The committee said that in addition to Davis and Jim Finks, the finalists were Paul Tagliabue, NFL lawyer; Paul Kirk, former Democratic party chairman; Robert E. Mulcahy III, the director of the New Jersey Sports Authority, and a corporate executive who asked that his name be withheld.
The front-runner, Housing Secretary Jack Kemp, bowed out last month when he decided to remain in the Bush administration, the committee reported.
According to Lamar Hunt and Wellington Mara, co-chairmen of the search committee:
--All candidates suggested by two or more NFL owners were screened. Two owners had no suggestions.
--Qualifications sought were integrity, credibility, people and strategic skills, leadership, vision, energy, drive, initiative, will, the ability to delegate, to build and to run “an organization in transition,” and to build consensus solutions in “a somewhat unique organization.”

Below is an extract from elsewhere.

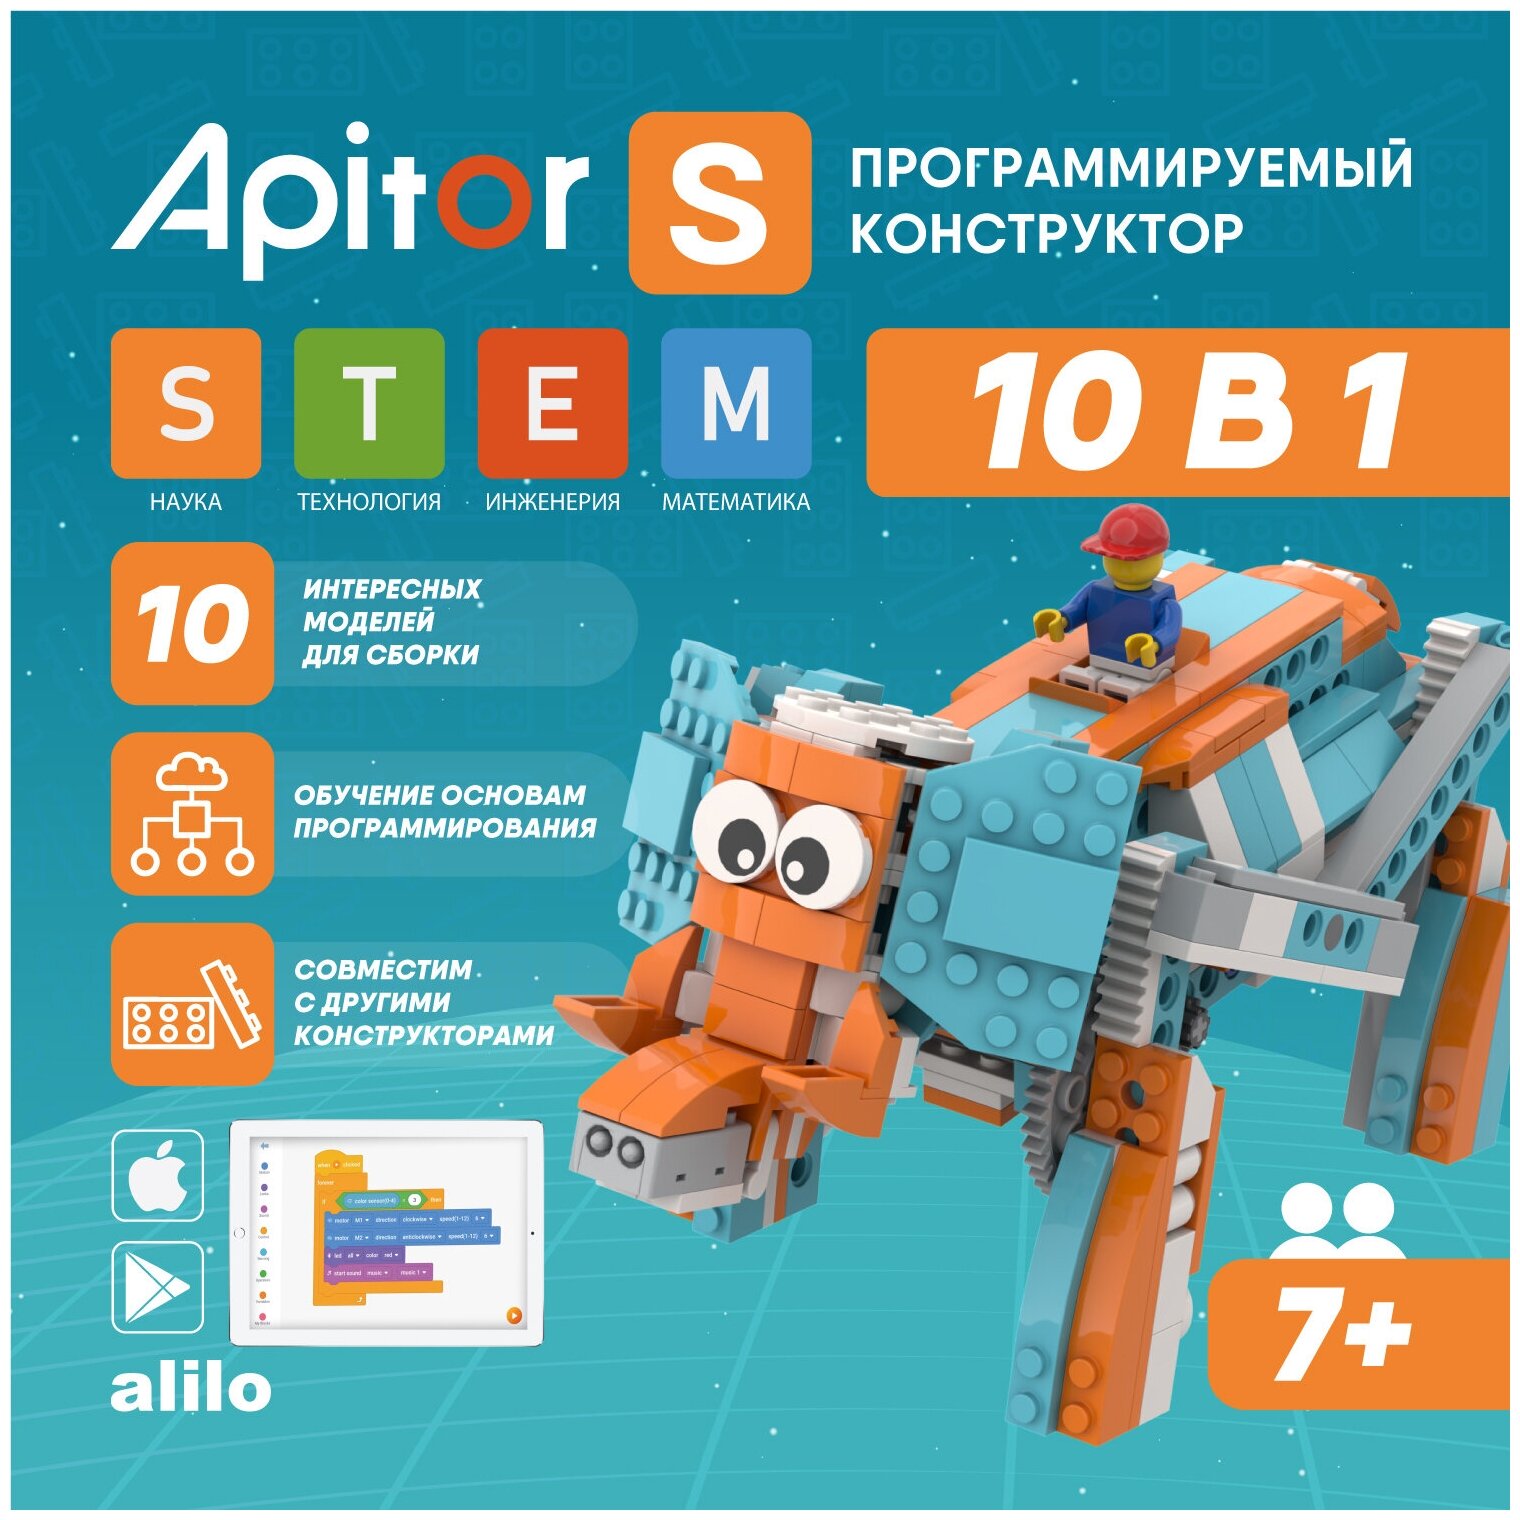 Электронный программируемый детский робот конструктор Apitor Robot S 10 моделей в 1. Игрушка для мальчиков и девочек
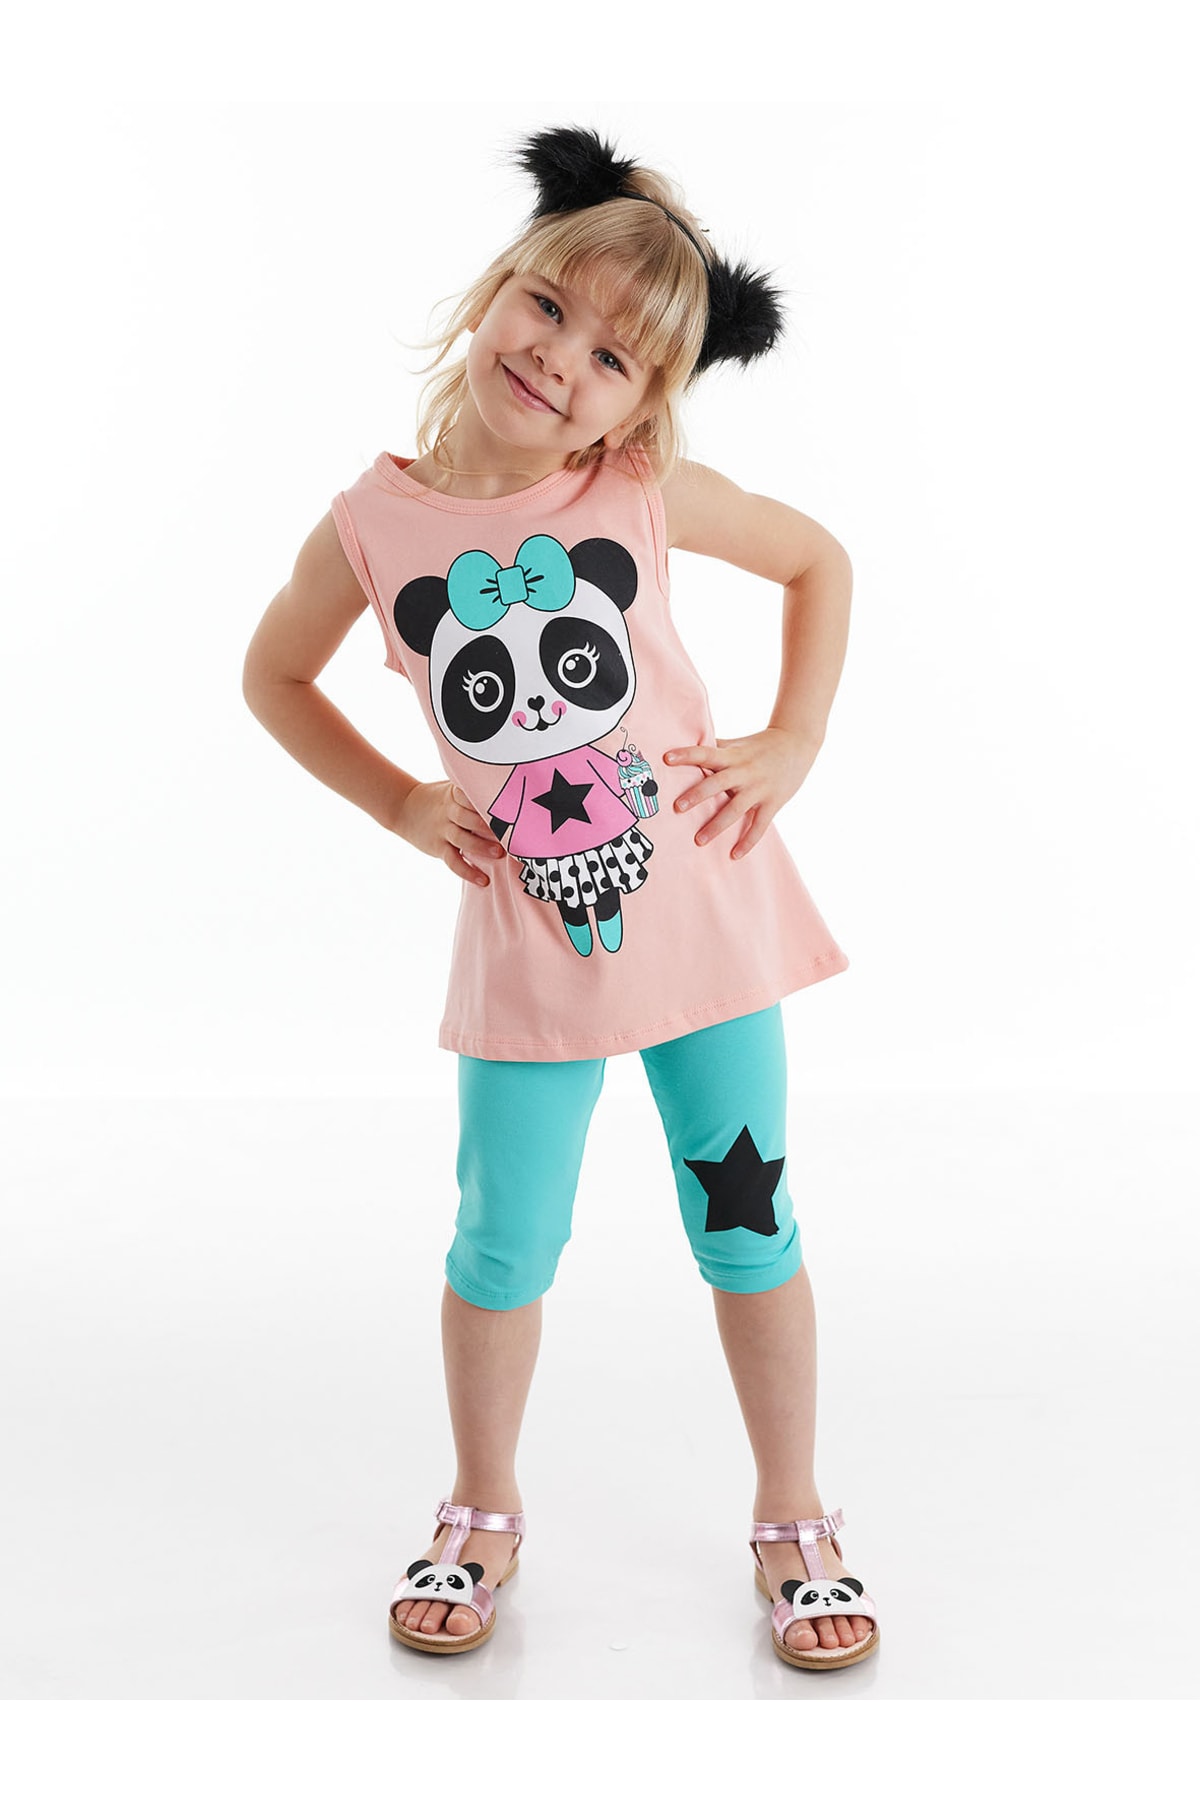 Denokids Panda Star Girls T-shirt Leggings Suit

--Each candidate preferably was a proven professional in general management with complete profit-and-loss responsibility, legal training, and media experience. He was seen as a role model and either “a product of the game of football or a professional whose business skills are complemented by a genuine love of the game.”
--The NFL needs “some changes in structure” to compensate for the loss of Commissioner Pete Rozelle.
The changes are expected to take the form of deputy commissioner or commissioners.